Edinburgh Review: The Occasional Students
JASON FORBES: “At times the acting was awkward—sometimes non-existent—and the illusion broken by the odd surreptitious glance towards the audience.”
Edinburgh Fringe: C Central, until August 21st
Written by Thom Jenkins, James Garner & the cast
Just like a good soufflé—stick with me and let’s indulge in the pretence of it all, if only for the purpose of the metaphor—sketch comedy is hard to get right. A hotchpotch of writing, ideas and performance, one could theorise endlessly as to which of these three is the more important element. What’s certain, though, is that, consciously, or subconsciously, at the beginning of each sketch, each audience member inevitably commits himself to a game of Spot-The-Joke. It’s the precarious soufflé-out-of-the-oven moment, where, if you’re not quick enough, if you haven’t quite grasped the audience’s attention, the soufflé is doomed to fold. Now, I’ll admit I’ve never actually had, or seen, a soufflé per se, but I hope that makes things a little clearer.
Written by recent Christ’s graduates and performed by first years, The Occasional Students was occasionally very promising. There was some good writing, some good ideas and some occasionally commendable performances; but all too often in disparate measure.
In the dim, soporific intimacy of the venue, sketches such as Death at a peaceful Seventh Seal game of chess with Napoleon, soon turning into a game of Scrabble presided over by the ghost of Dr. Johnson, were different and imaginative but failed to go anywhere. The writers evidently have a knack for abstract concepts, which might have been complemented by better structure.
My particular favourite, if only for the premise, was the party sketch. In this Charlotte Jeffreys played an eager host who tried desperately to entertain her guests. Among them was Google, who at her command scurried off to fetch her various results in a flash; Bing, who was made to feel unwelcome and no match for Google; and Facebook, played by Lizzy Carr as an overzealous reporter, complete with notebook, who pried into and recorded the lives of the people both within and without the party.
Even more compelling was the way in which Jeffreys became dangerously intrigued by this mysterious “Facebook”. When invited to comment on the News Feed, she replied that she wanted to say “something witty that doesn’t make me sound like a dick”. Sound familiar?

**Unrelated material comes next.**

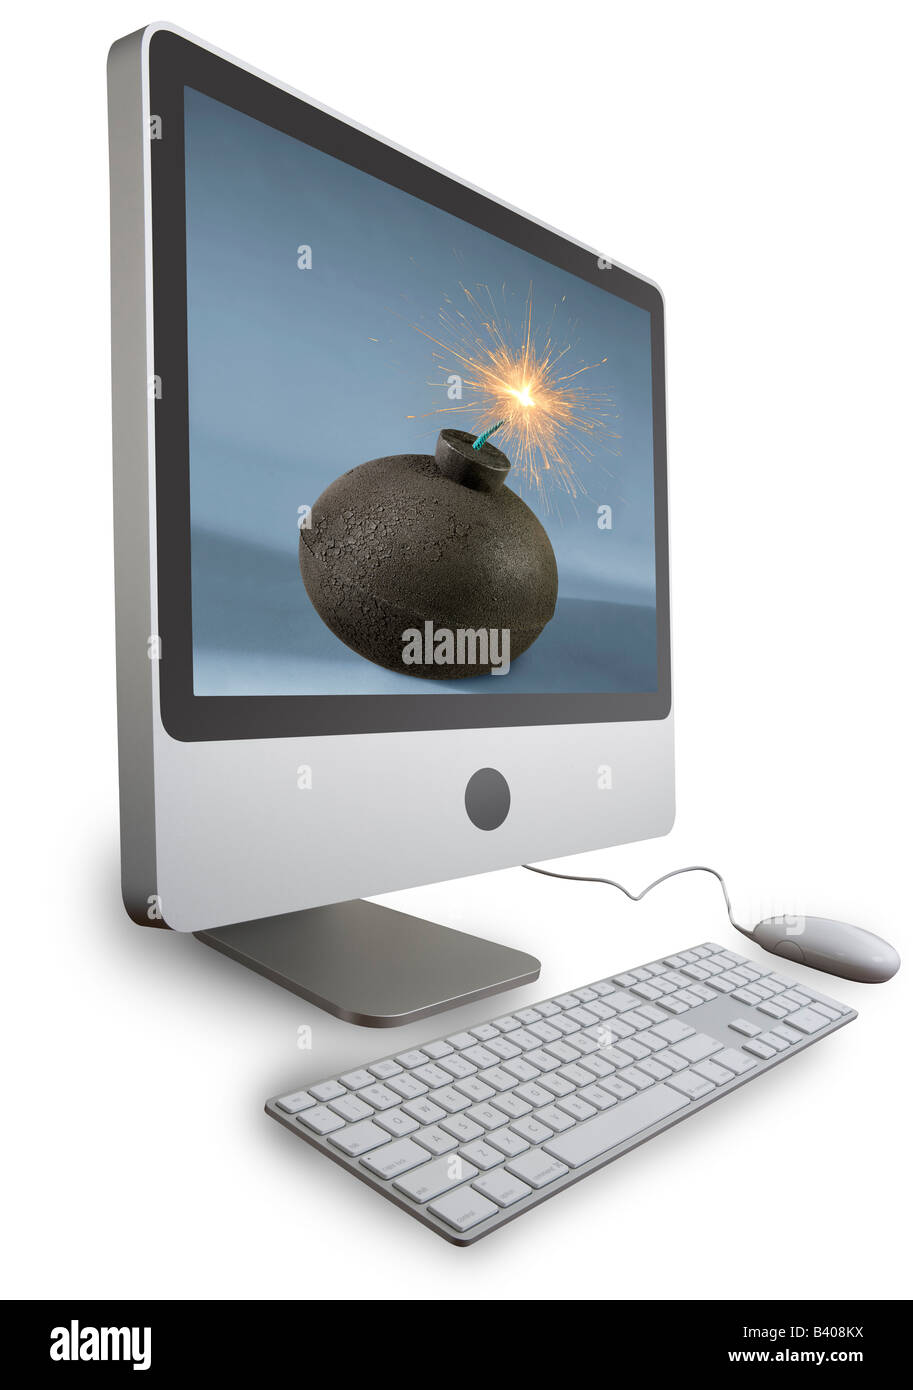 Einen modernen Flachbildschirm-Computer mit eine Runde Bombe und eine beleuchtete Sicherung. Dies ist ein Silo mit zwei Pfade enthalten - Bildschirm und alles. Stockfoto

At times, though, the acting was awkward—sometimes non-existent—and the illusion broken by the odd surreptitious glance towards the audience. The most awkward was the final skit about a dodgy vet, who developed unhealthy relationships with his patient-pets. The “joke” was far too obvious and poorly executed to work at all, and was certainly not one to end on. I kept wishing that the sketches were played with no less enthusiasm, but certainly more confidence and conviction.
The others might do well to take a leaf from the book of Tom Foxall, whose mad, camp energy, confidence and comedic timing were enough to tease the funny out of even the simplest of lines. His performance in the Mafia and advertising sketches was impeccable. Perhaps over the run conviction will come to what is the very nascent form of a potentially good show. So far, however, the soufflé has been out of the oven for too long.